Two individuals sitting together, viewing a smartphone.

Connecting Canadians

How a smartphone helps newcomers find meaningful connection

Jan 21, 2024

Kevine Langou arrived in Joliette, QC 18 months ago after seven years living in a refugee camp in Cameroon. Since then, the 23-year-old native of the Central African Republic has been busy adapting to a new country, a new culture and a new social circle. As he builds a new life, Langou’s smartphone has proven to be an indispensable companion.

Since arriving in Quebec in 2022 with his mother and two younger brothers, Langou carries his phone everywhere he goes. It’s an essential tool for establishing a new network of contacts, while also staying in touch with friends and family back in the Central African Republic and Cameroon.

Like many newcomers, Langou has faced many hurdles as he adapts to a new country: access to housing and credit, obtaining official documents, searching for a new job and pursuing studies. Fortunately, access to mobile connectivity wasn’t one of his concerns. Through the TELUS Mobility for Good® program for government-assisted refugees, Langou can build his life in Quebec with help from a free mobile device and a low-cost plan.

“I have access to my emails, and I can communicate with people all over the world. My phone is really useful for my studies and for (internet) searches,” explains the young student, who is currently enrolled in an adult education program at the Centre de formation de L’Envol in Joliette.

Langou’s phone is also an essential time management tool. “I use the alarm a lot. I can reach my goals with my studies and assess my performance.” With the calendar app, he never forgets an appointment, and the navigation app on his phone helps him to find his way around in his new environment.
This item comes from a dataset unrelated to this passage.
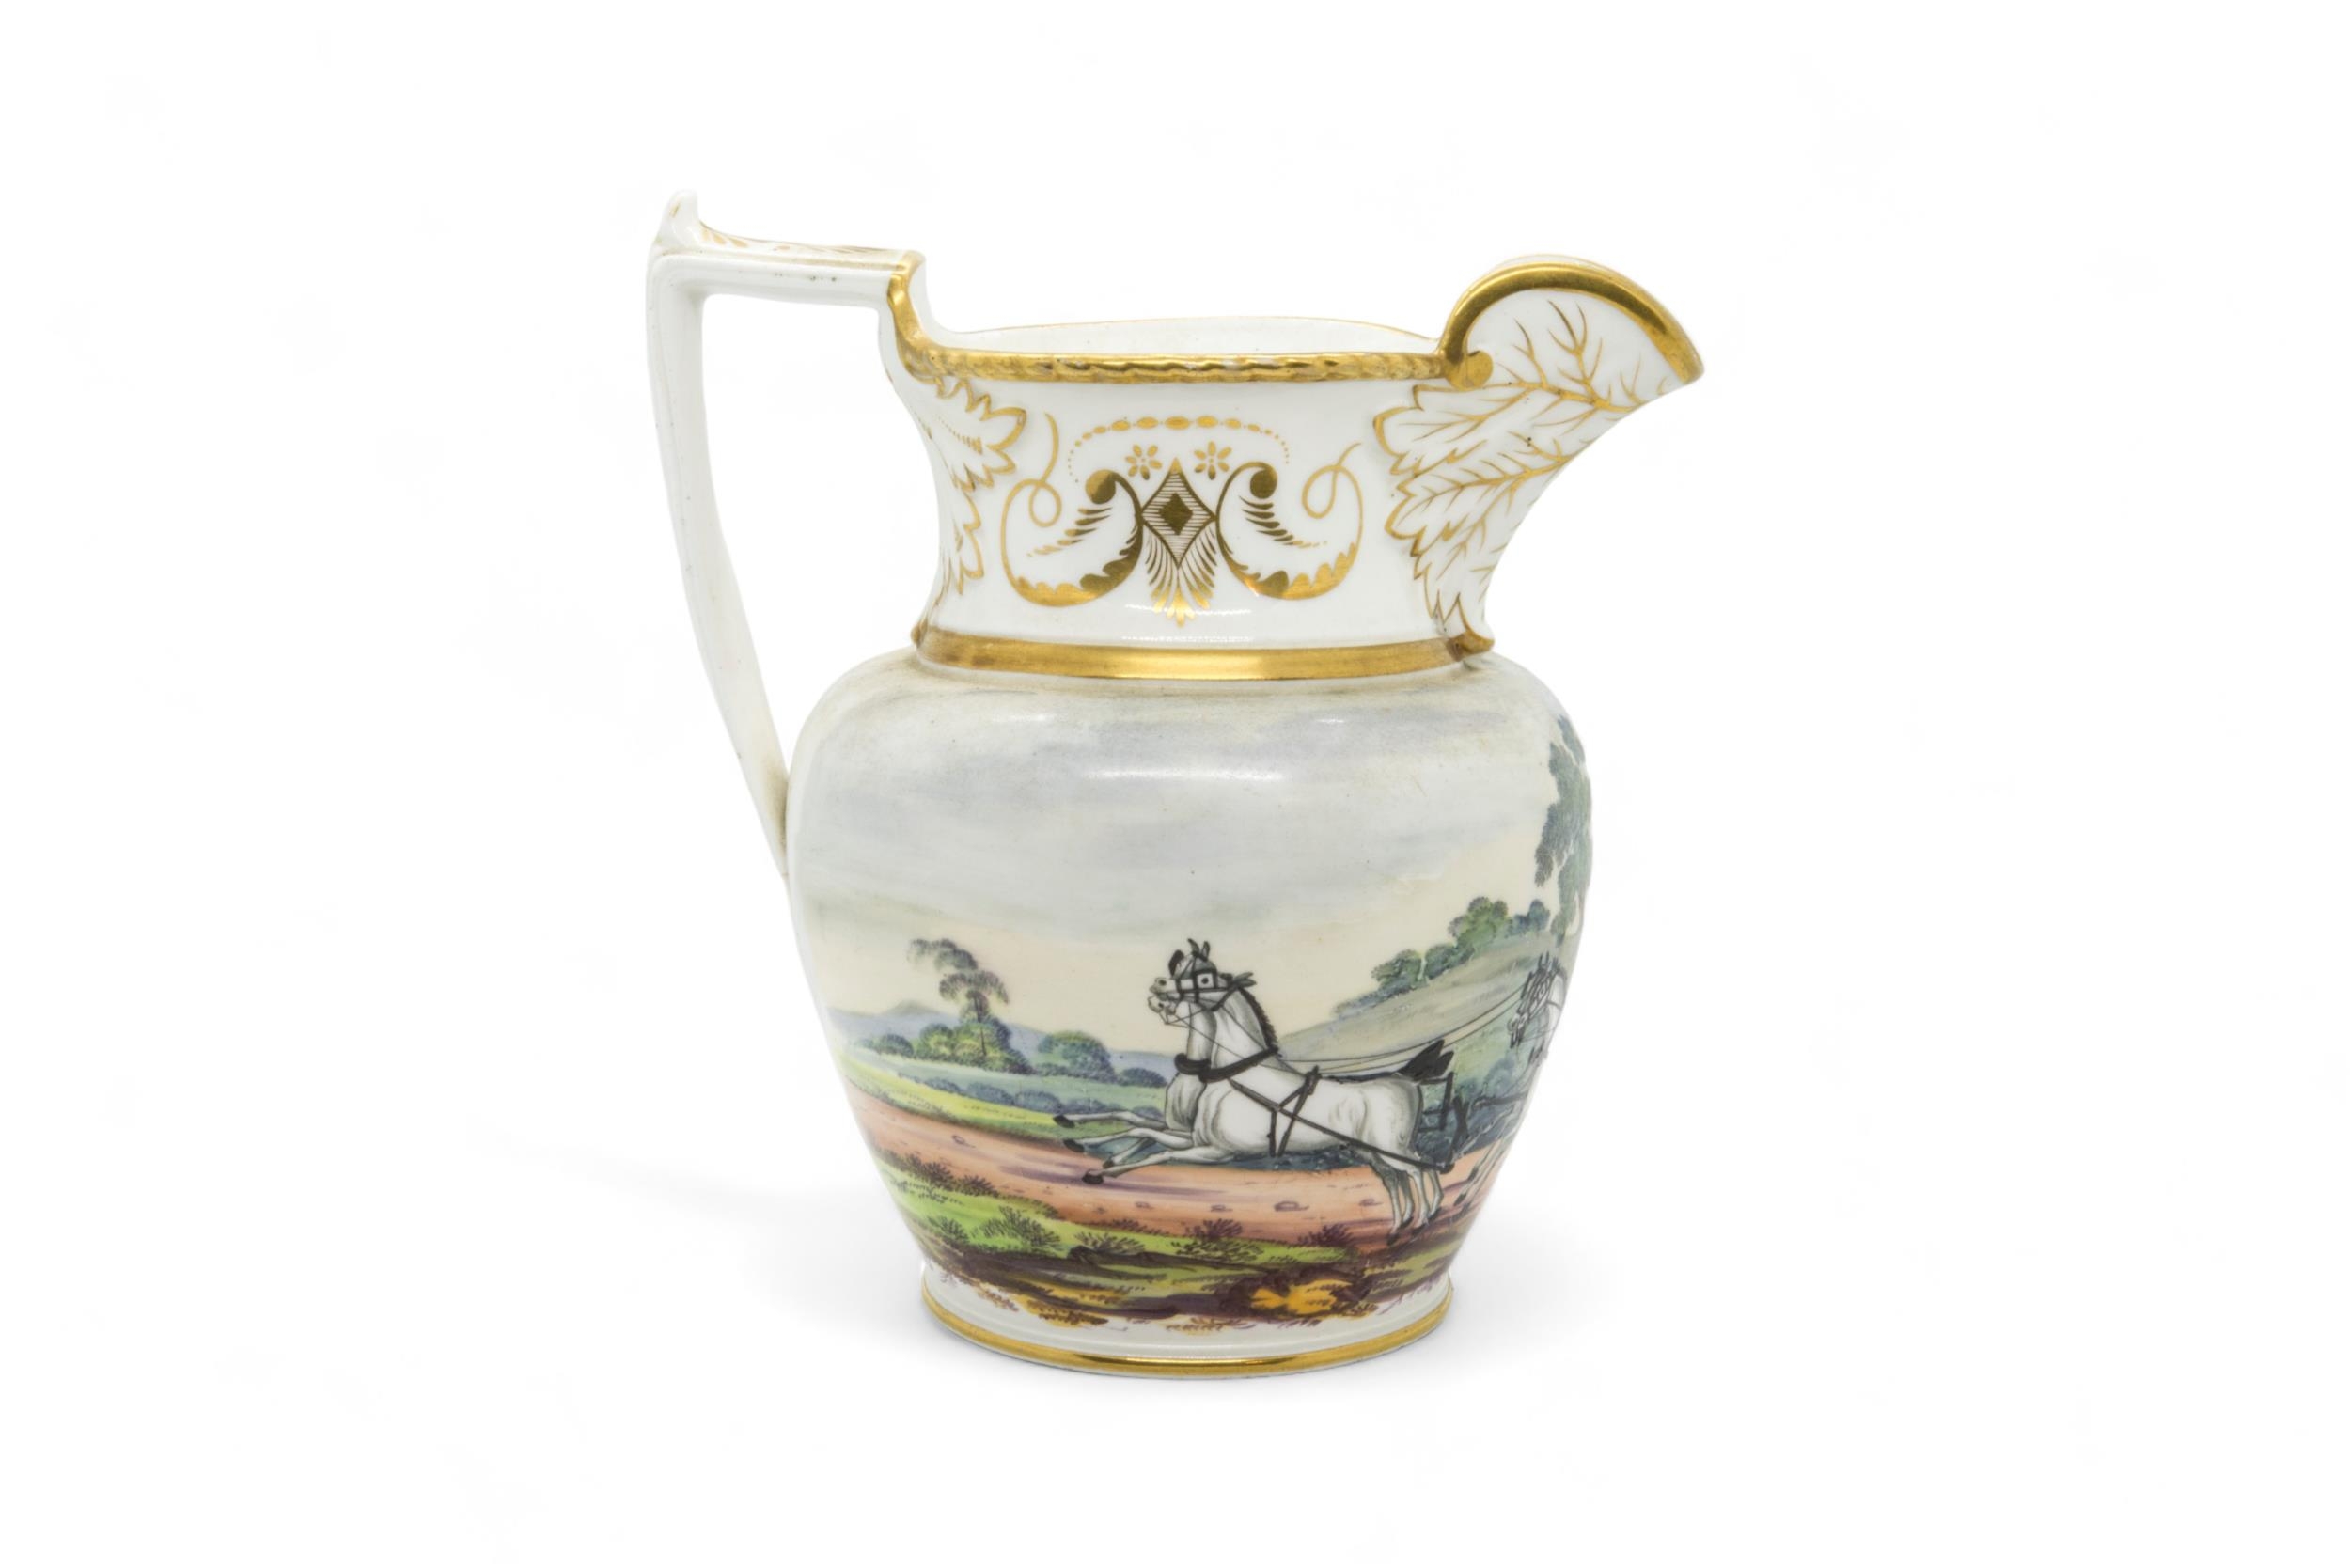 AN EARLY 19TH CENTURY COACHING JUG With gilded monogram, 20cms high - Image 3 of 4

And like many Gen Zers around the world, Langou also likes taking photos with his phone, sharing them with his friends and family, near and far.

Kevine Langou captures a “selfie” using his TELUS Mobility for Good program phone, connecting him with his family overseas.

Finding support through connection

Langou received his smartphone through the Lanaudière Regional Education Committee for International Development (CRÉDIL), a Joliette-based organization that welcomes new immigrants to the region, helping them establish their new lives and integrate into local communities. Since the program was launched in Quebec in 2022, CRÉDIL has collaborated with TELUS to ensure that government-assisted refugees who have recently arrived in the province can access the resources they need to succeed.

Nationwide, the TELUS program has provided support to over 3,600 refugees through partnerships with 15 different local resettlement agencies and organizations who support newcomers, including CRÉDIL. It’s part of TELUS’ broader social commitment to drive meaningful change.

The opportunity to offer newcomers an easy way to stay connected is appreciated by TELUS’ partner network.

“People arrive here, and two days later, they get their phone. They can quickly communicate with their friends and family, which clears up a lot of concerns. Having a phone also helps them to develop a social network here. New arrivals may be experiencing real emergencies in their early days here. Some are dealing with anxiety after being uprooted from their previous lives. Even a quick check-in on the phone can have a positive impact. It’s essential for them to be able to connect quickly with their contacts.” says Sylvain Thibault, Immigration Program Director at CRÉDIL.

According to the UN, 29% of refugee households have no phone at all, and those who do are 50% less likely than the general population to have a phone with an internet connection.

Unfamiliarity with mobile data can also contribute to the culture shock experienced by newcomers – adding to the importance of digital literacy in Canada, says Louis James, a refugee resettlement worker with the Central Vancouver Island Multicultural Society (CVIMS) in BC, and partner agency with TELUS Mobility for Good in the province.

“If you don’t speak the local language, sometimes you can still figure stuff out. But if you don’t have the means to scan a QR code on your phone or ability to send an email, that’s a huge barrier for clients of all ages,” James says.

“We don’t think about how technologically integrated we are as a country, and just how necessary it is to have an email to do simple things like pay online,” says James.

That’s why James appreciates that his clients can not only take advantage of TELUS Mobility for Good, but also access free TELUS Wise® digital literacy and safety workshops and resources. The program – especially TELUS Wise online basics – can help newcomers become more comfortable with using their new devices.

“Mobility for Good is a great program that provides an easy stepping stone. It takes us five minutes, not even, to order for a person, and it comes in a predictable amount of time. It gives our clients stability to be able to get themselves on their feet, find community and be able to put a phone number on their resume when they’re doing job applications – and all of those things make a huge difference,” James says.

Paying it forward

For Langou, one of his challenges – which he sees as more of a goal – is to make new friends in Quebec.

“It’s hard,” he says of the experience breaking through to a new social group. “But I’m confident I can do it. CRÉDIL offers lots of different activities, and having a smartphone helps me make connections.”

Langou is already branching out and actively meeting new people as an active volunteer. His own experiences integrating into Canadian life have inspired him to work with other newcomers after completing his studies.

“I’d like to work for an organization like CRÉDIL. They helped my family to get the documents we needed to stay here in Canada. They’ve also helped us to find a house, get established here and integrate with the community. I want to pay it forward to others, too.”